Увы, с годами черты матери утратили четкость. Но, разумеется, он помнил, что у нее были темные волосы, смеющиеся зеленые глаза и ослепительная улыбка. Однако лучше всего он помнил ее любовь к жизни. Однажды она разбудила их с Дэвидом в полночь, чтобы пойти в сад и поиграть в снежки с первым снегом. А Гилмор вышел и загнал всех в дом…
Нейтан редко видел ее, потому что большую часть времени она проводила на всевозможных светских раутах или с многочисленными друзьями в их поместьях. Но он все равно обожал мать. И он всегда злился, когда слышал, как Гилмор поносил ее. Особую боль причиняло ему то, что десять лет назад граф обвинил свою жену в неверности, запятнав навеки воспоминания Нейта о матери.
Нейт вернул носовой платок в коробку, потом достал оттуда записку своего брата и развернул ее. «Мне очень жаль, что папа высек тебя. Это я украл для тебя печенье. Постараюсь убедить его в другой раз быть справедливее к тебе. Дэвид».
Нейт пробежал пальцем по аккуратным черным строчкам. Он никогда не чувствовал себя равным брату. Дэвид всегда был благородным и вел себя достойно, в то время как он, Нейт, был возмутителем спокойствия и зачастую отправлялся спать без ужина за малейшую провинность. Когда Дэвид пытался ему помочь, Нейта обвиняли в том, что он сбивает брата с пути истинного. Увы, тогда Нейт был слишком озлобленным и непокорным, чтобы благодарить брата…
Когда он рассказал про это Мадлен, она ответила: «Ты получал порку за Дэвида. Это уже кое-что…»
Наверное, она была права. Тем не менее Нейт сожалел, что ему не представилась возможность отблагодарить брата. За десятилетие своего отсутствия он ни разу даже не написал ему. Он позволил горечи и озлоблению перейти в его взрослую жизнь. Потом, из-за письма леди Милфорд, он вернулся в Англию в надежде, что отец умер, а Дэвид стал графом.
Он надеялся увидеться с братом, но к тому времени Дэвида уже не стало. И никогда больше не будет.
В глазах защипало, и Нейт потер их, приказав себе не думать о прошлом. Он не мог изменить цепь событий. Но мог попытаться исправить хоть что-то. Исправить здесь и сейчас.
Сложив записку, он вернул ее в коробку и закрыл крышку. Взяв коробку, вышел из спальни. Теперь он увезет эти реликвии с собой, потому что назад уже не вернется. Было бы неплохо взять что-нибудь на память о Мадлен…
Нет. Лучше забыть свою жену.

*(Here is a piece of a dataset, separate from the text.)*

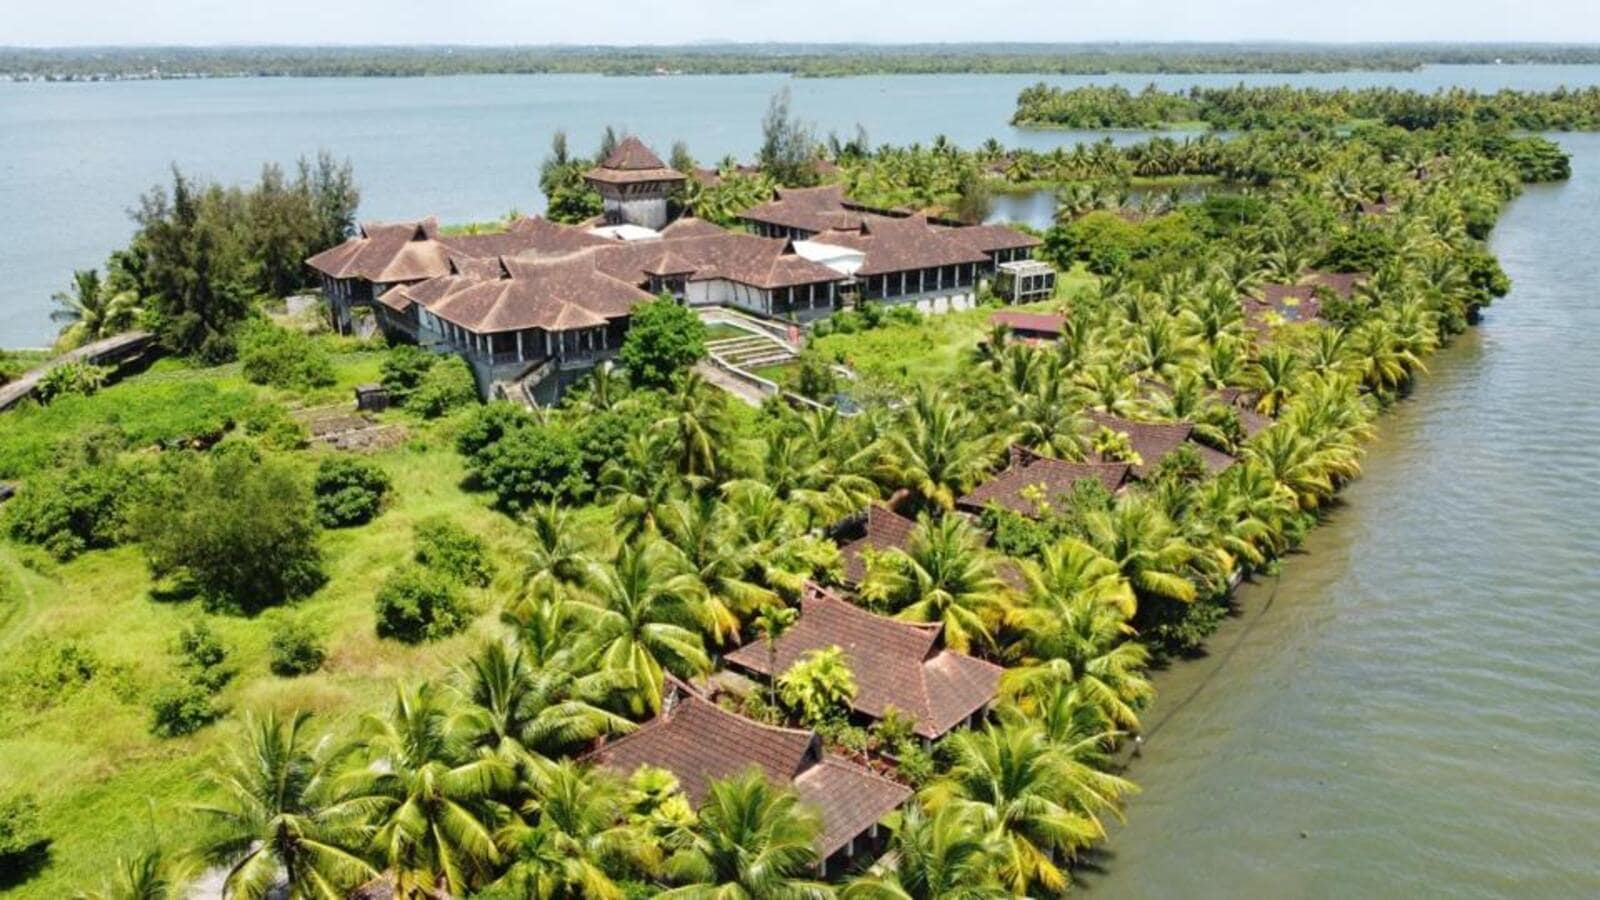 After 14-yr legal battle, demolition of private resort in Kerala begins |  Latest News India - Hindustan Times

Уже от одной мысли о расставании с ней его бросало в дрожь. Нужно уехать побыстрее, пока он вновь не поддался ее обаянию. Он должен был хоть как-то восполнить потери, которые понес его план мести.
Будь он проклят, если оставит Гилмору внука благородной крови.
Мадди задержалась у двери в смежную спальню. Некоторое время назад она вернулась от герцога. В ушах у нее все еще звучали слова деда. Он намеревался сделать ее наследницей своих богатств – наравне с двумя внуками! Она не имела представления о сумме, но, судя по роскоши дома и возмущению ее кузена Альфреда, сумма действительно была впечатляющая.
Но Мадди не желала ни фартинга от герцога Хутона. Эти были бы кровавые деньги, взятка, чтобы искупить дурное обращение с ее матерью. Ничто, даже царский выкуп, не возместит ту боль, которая мучила маму, отлученную от семьи.
Пытаясь успокоиться, Мадди сделала глубокий вдох. Нельзя позволять себе нервничать. Главное сейчас – попытаться помириться с Нейтаном. Герти сказала, что он уже вернулся.
Мадди постучала в выкрашенную белой краской дверь. Поскольку ответа не последовало, она осторожно открыла ее. Все это время Нейтан сам приходил к ней в спальню, а она, как это ни странно, ни разу не заходила к нему.
Переступив порог, она оказалась в просторной гардеробной с типично мужским антуражем, выложенным на обозрение. На гладильном прессе лежали стопки сложенных галстуков, рубашек и брюк. У стены ровными рядами стояли сапоги и туфли. На туалетном столе лежала горка сюртуков и жилетов. А кувшин и тазик на умывальнике были отодвинуты в сторону – так, чтобы освободить место для чулок и нижнего белья.
Но почему всю эту одежду вынули из ящиков? Произошло нашествие мышей? Или наступило время весенней чистки?
Тут Мадди заметила открытый чемодан, большой кожаный чемодан с медной фурнитурой.
От дурного предчувствия Мадди похолодела. Боже милостивый! Неужели Нейтан уже готовился к отъезду? Не может быть. Еще середина мая, а он собирался остаться до конца июня.
Она торопливо прошла через открытую дверь в спальню и осмотрелась. Просторная комната с кроватью под балдахином и с покрывалом в голубых тонах… Мебель красного дерева… А часы на каминной полке только что пробили. Воцарившаяся затем тишина казалась гнетущей и даже зловещей.
Но где же Нейтан? А вдруг он уже уехал, велев камердинеру упаковать вещи и доставить их в порт?
Мадди вздрогнула и невольно приложила руку к еще плоскому животу. Нет, он не мог уехать так быстро. Слишком рано. И ведь он еще не знает об их ребенке…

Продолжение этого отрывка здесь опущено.